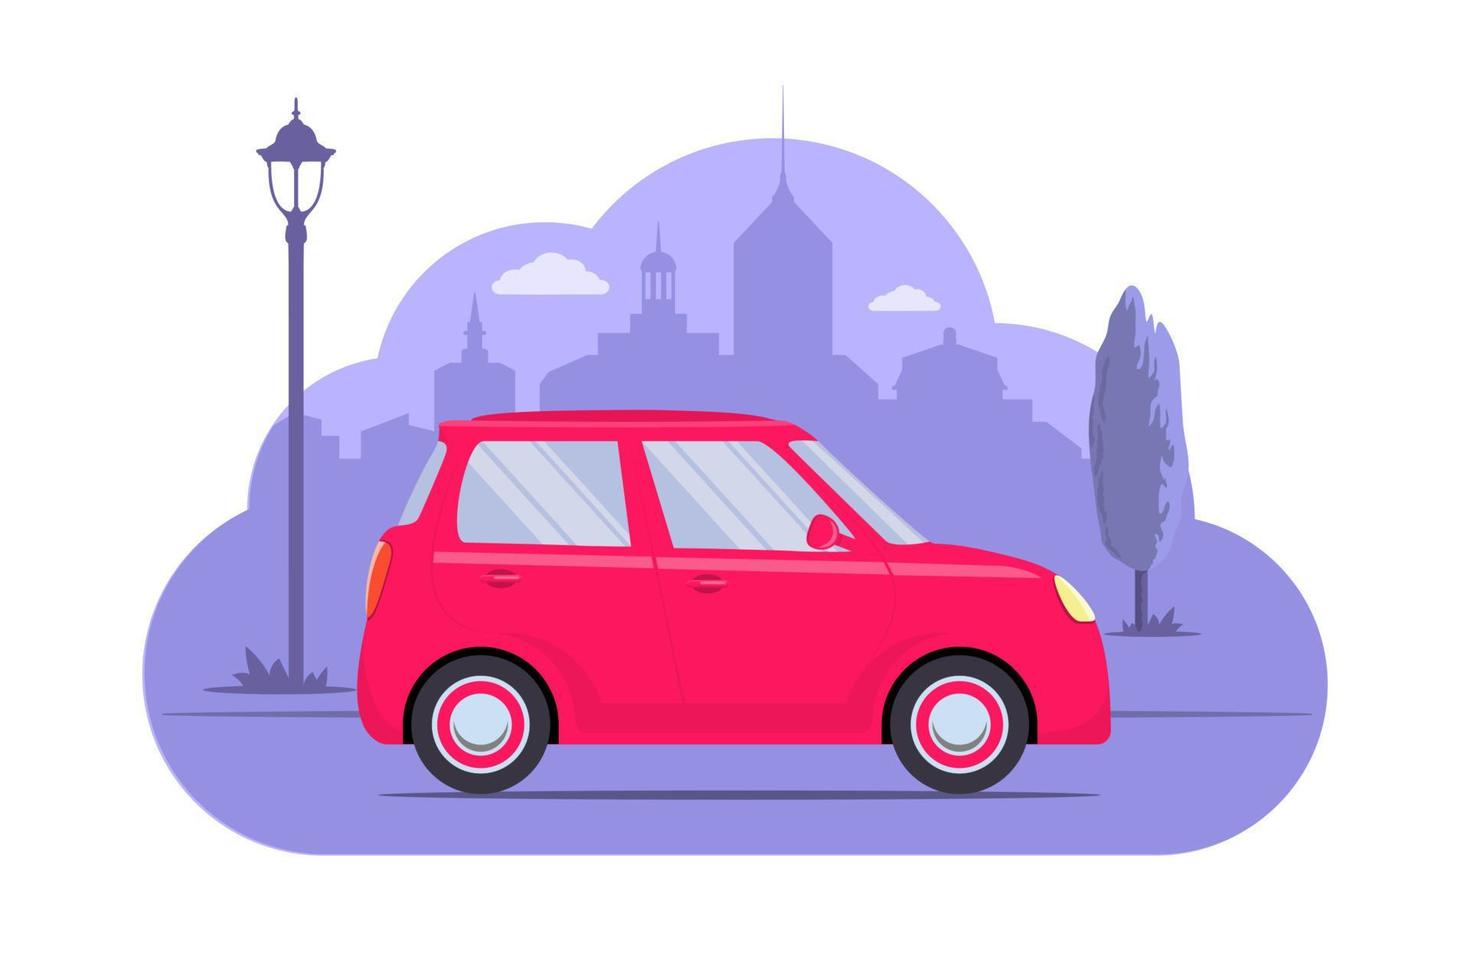 coche lindo en el fondo de la silueta de la ciudad. coche rosa sobre fondo monocromático púrpura. ilustración de concepto de coche para aplicación o sitio web. transporte moderno. ilustración vectorial de estilo plano. vector
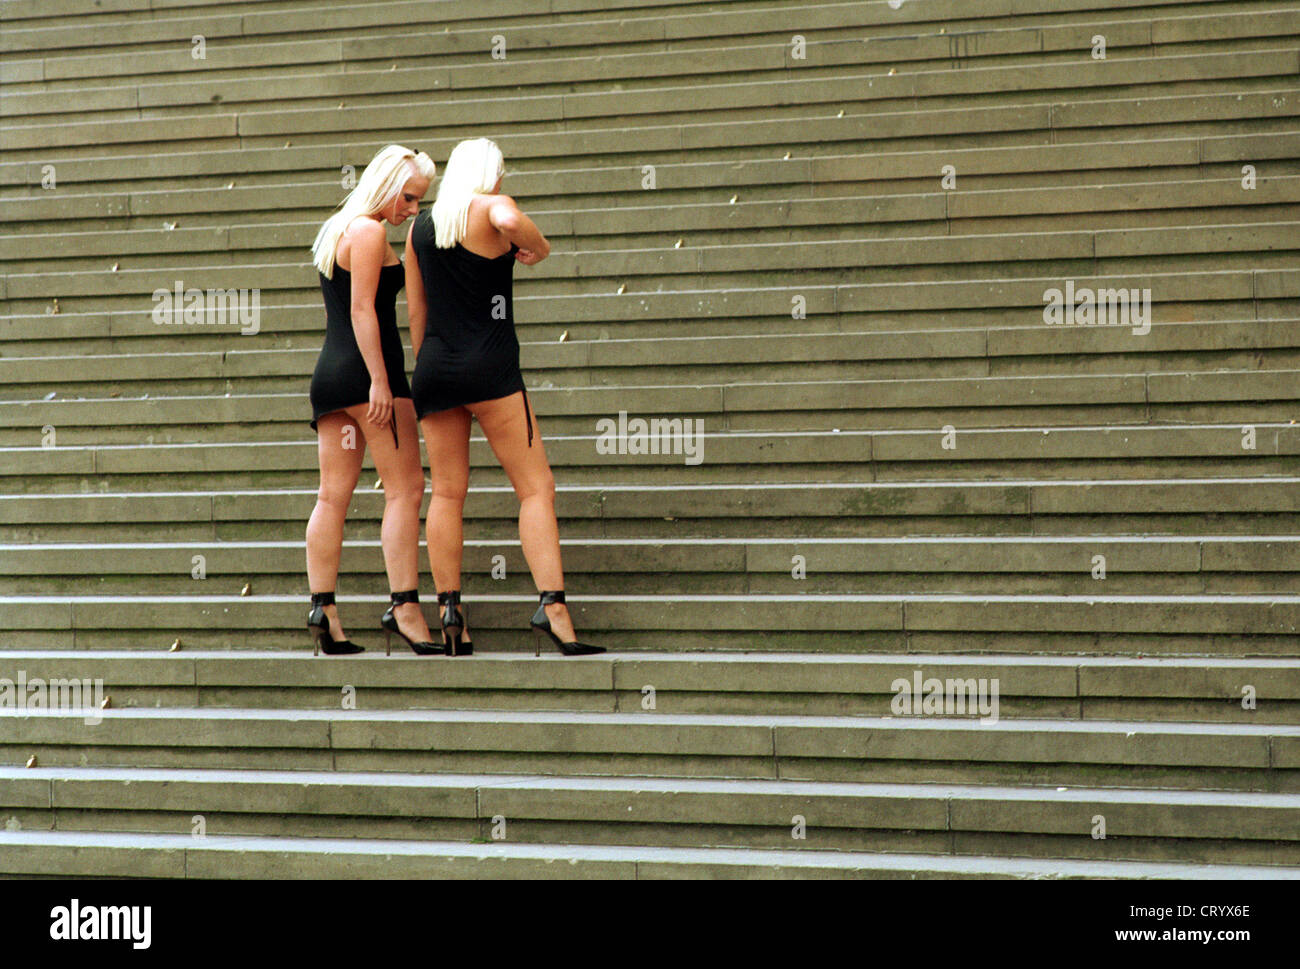 Berlino, donne sulle scale del teatro Foto Stock
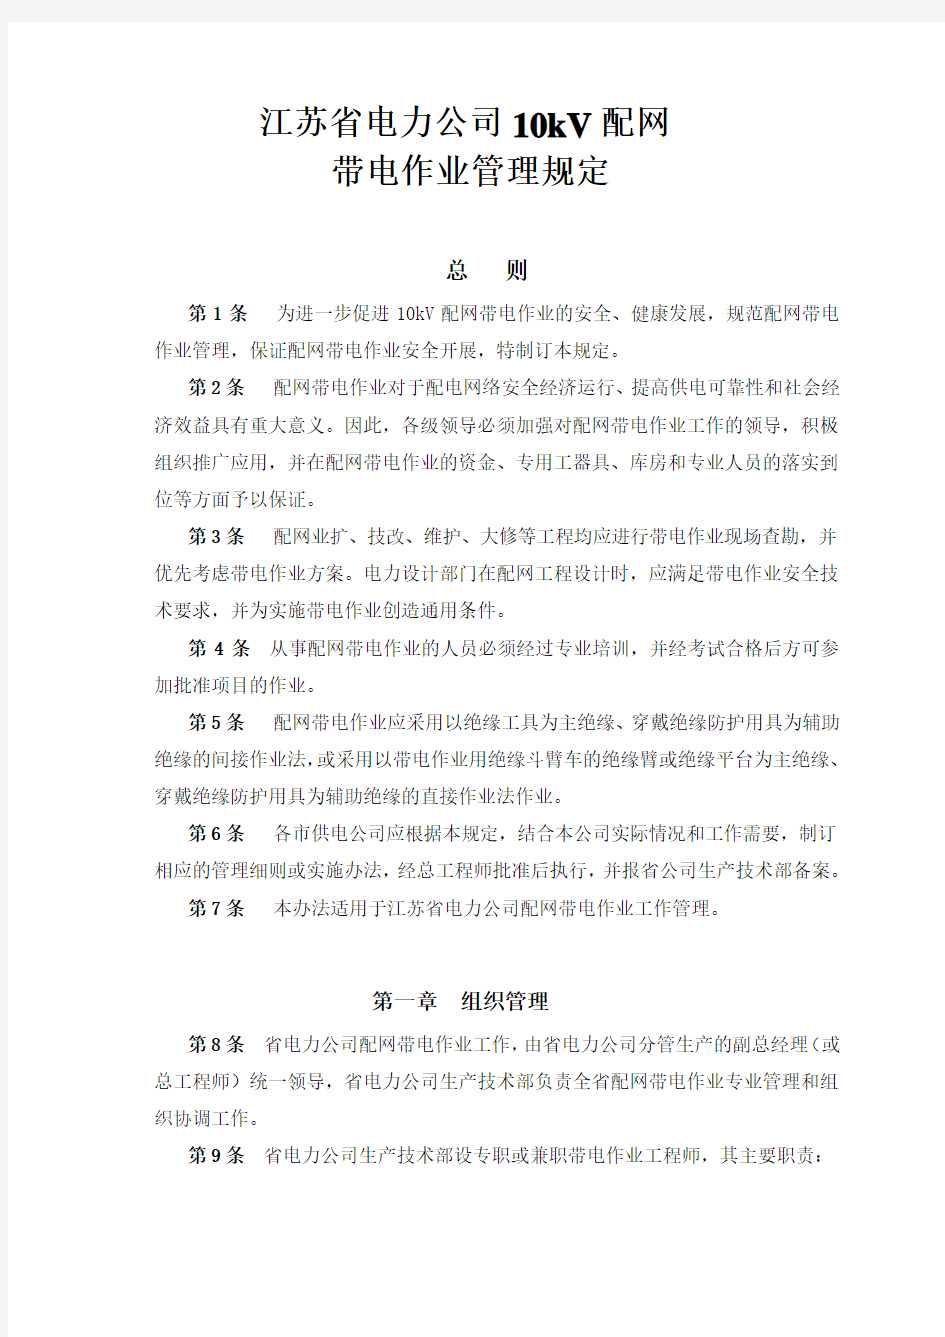 江苏省电力公司10kV配网带电作业管理规定
════════════════════
> GOAL OF THE EXERCISE: From the material above, copy everything exactly but the pictures.

> TASK SOLUTION:
 coche lindo en el fondo de la silueta de la ciudad. coche rosa sobre fondo monocromático púrpura. ilustración de concepto de coche para aplicación o sitio web. transporte moderno. ilustración vectorial de estilo plano. vector
 Berlino, donne sulle scale del teatro Foto Stock
 江苏省电力公司10kV配网带电作业管理规定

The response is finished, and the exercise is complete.